RECORDED DATA:
##############################

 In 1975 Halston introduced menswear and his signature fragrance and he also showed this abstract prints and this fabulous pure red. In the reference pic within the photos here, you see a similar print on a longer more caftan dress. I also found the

##############################

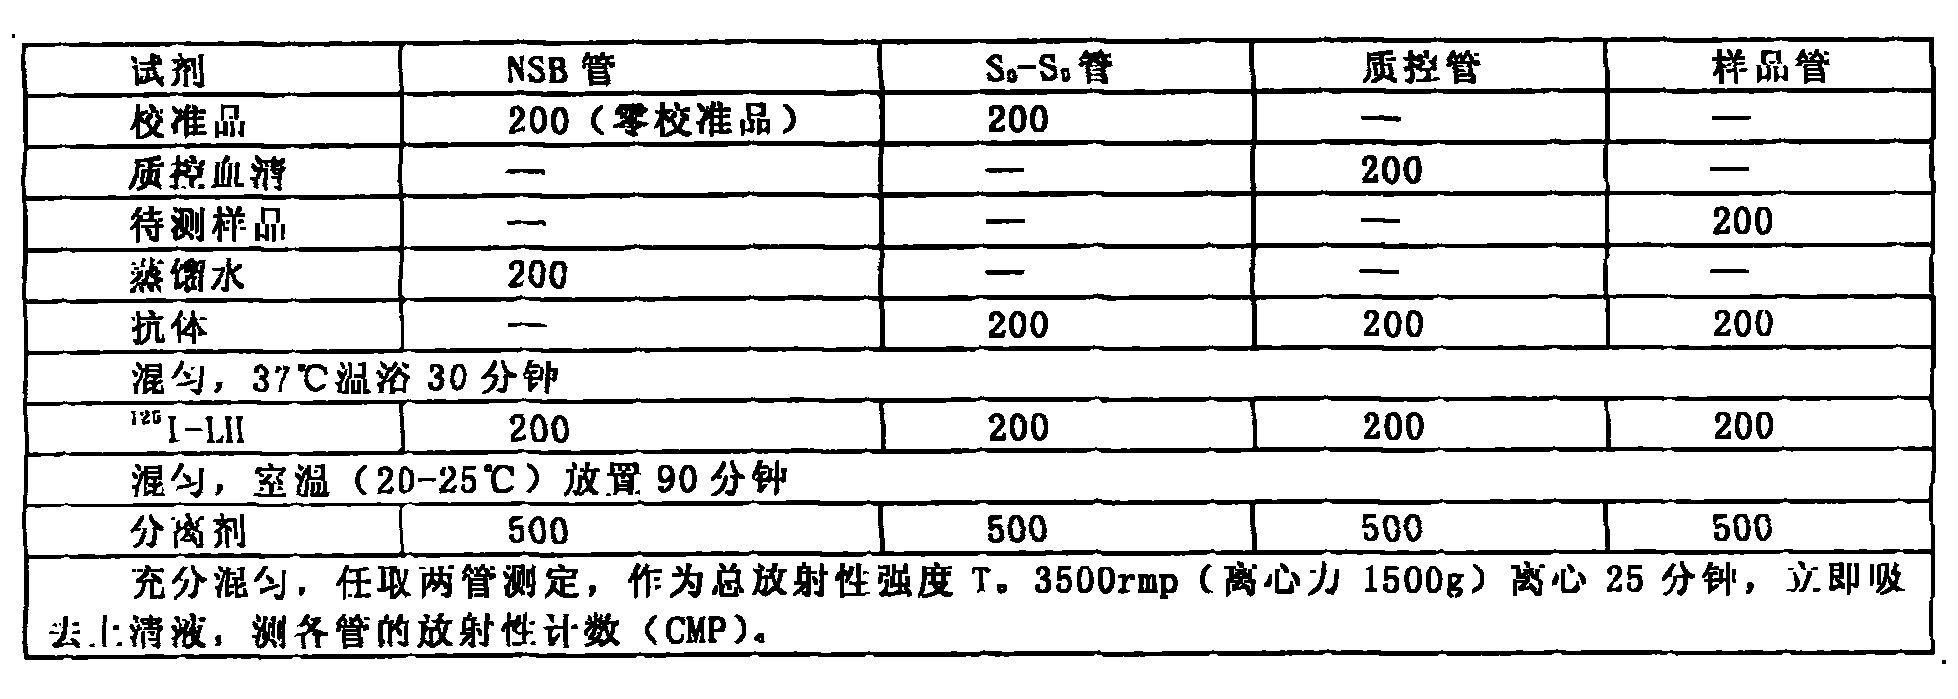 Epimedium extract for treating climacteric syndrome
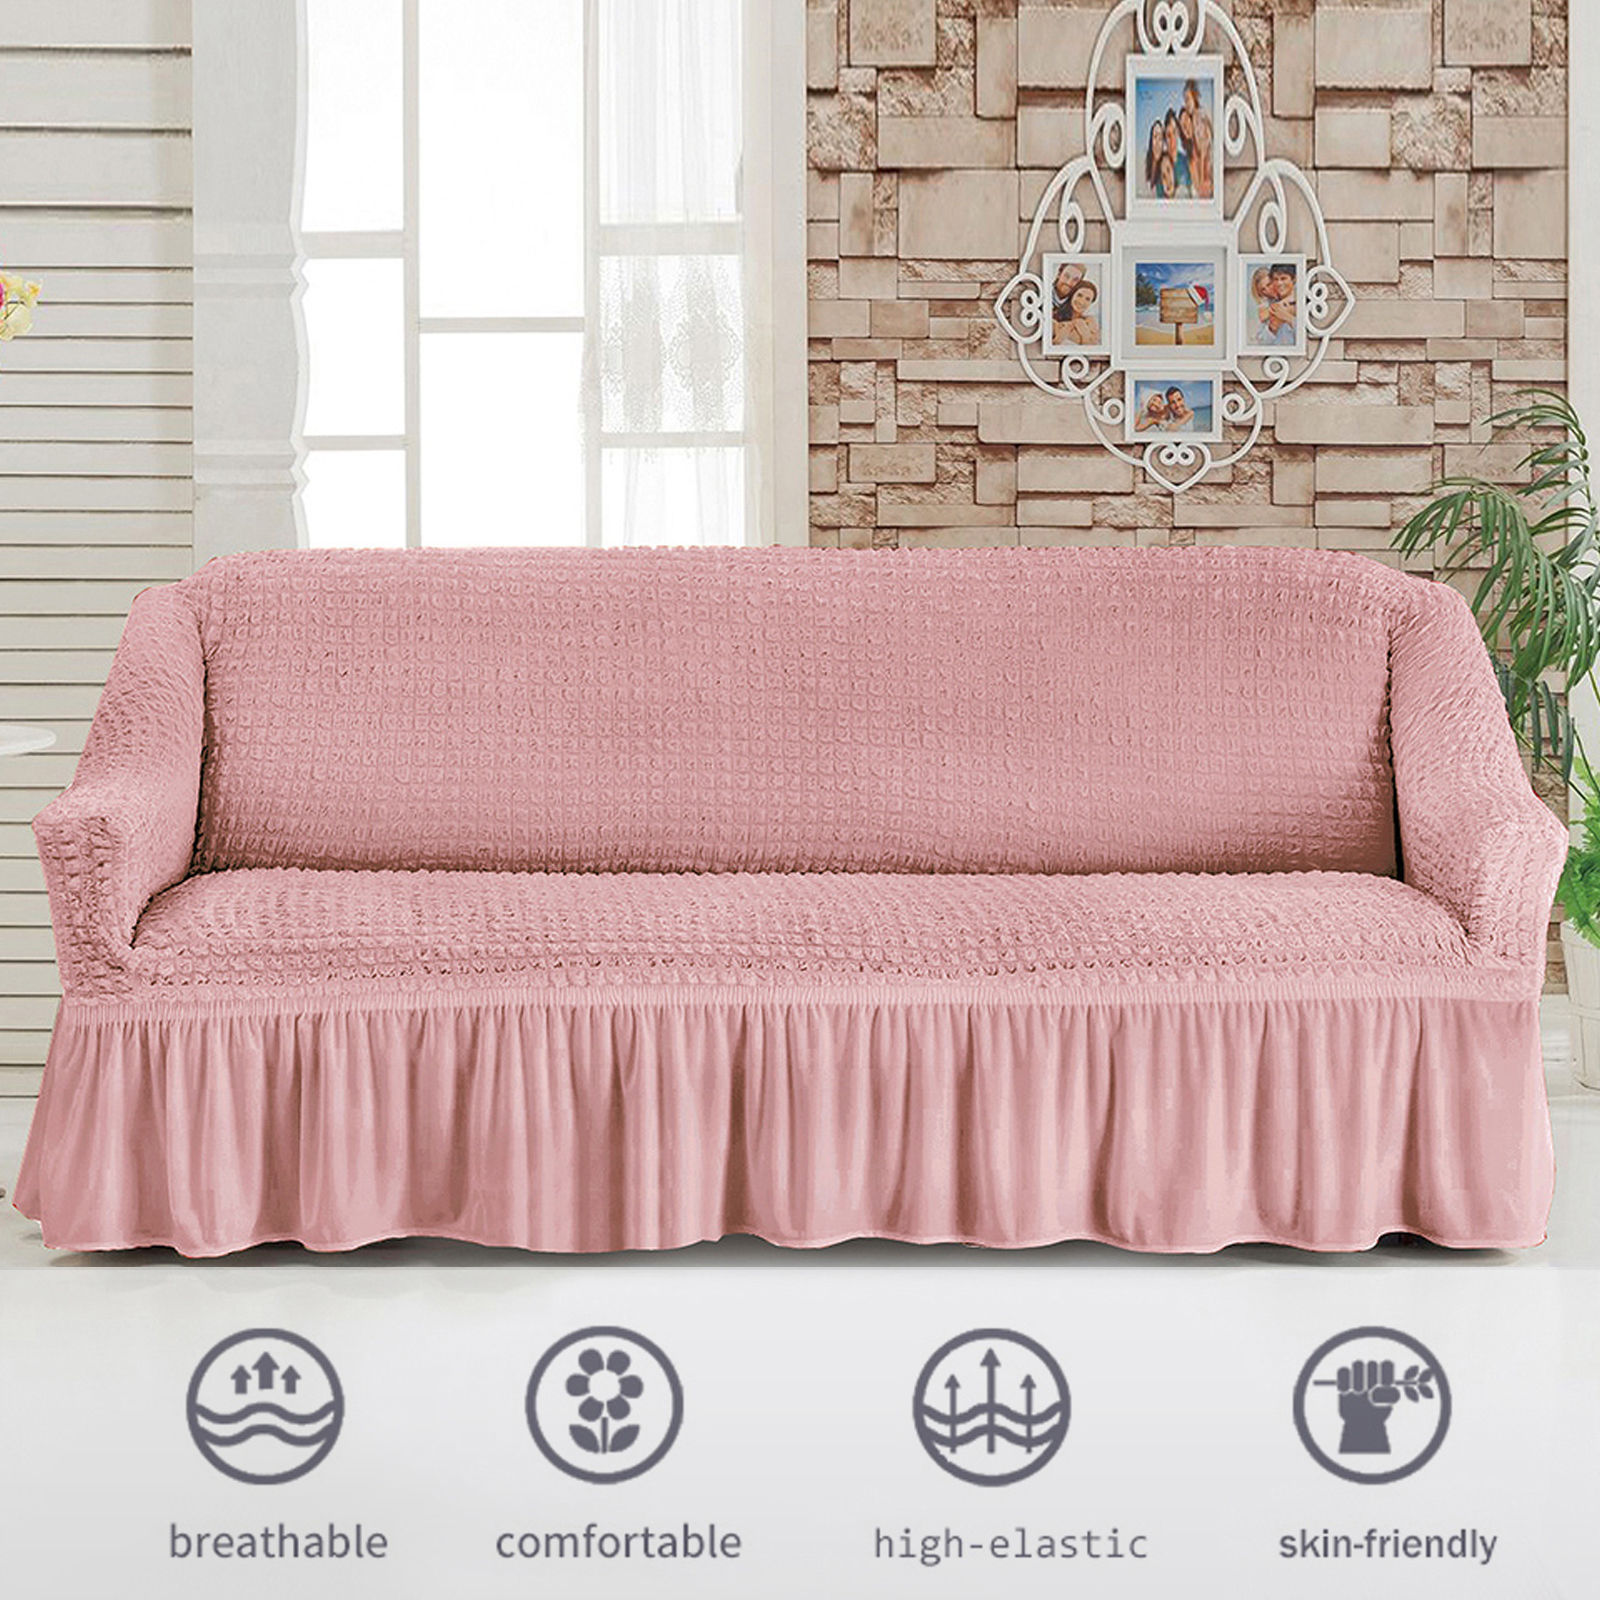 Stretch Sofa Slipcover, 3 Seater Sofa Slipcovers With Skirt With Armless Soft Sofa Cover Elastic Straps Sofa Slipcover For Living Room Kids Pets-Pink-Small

##############################

DIRECTIONS: In the listing above, find the line with "Epimedium extract for" and output it and every line after it up to and including the line with "Stretch Sofa Slipcover, 3", exactly, minus the pictures.

EXERCISE ANSWER:
 Epimedium extract for treating climacteric syndrome
 Stretch Sofa Slipcover, 3 Seater Sofa Slipcovers With Skirt With Armless Soft Sofa Cover Elastic Straps Sofa Slipcover For Living Room Kids Pets-Pink-Small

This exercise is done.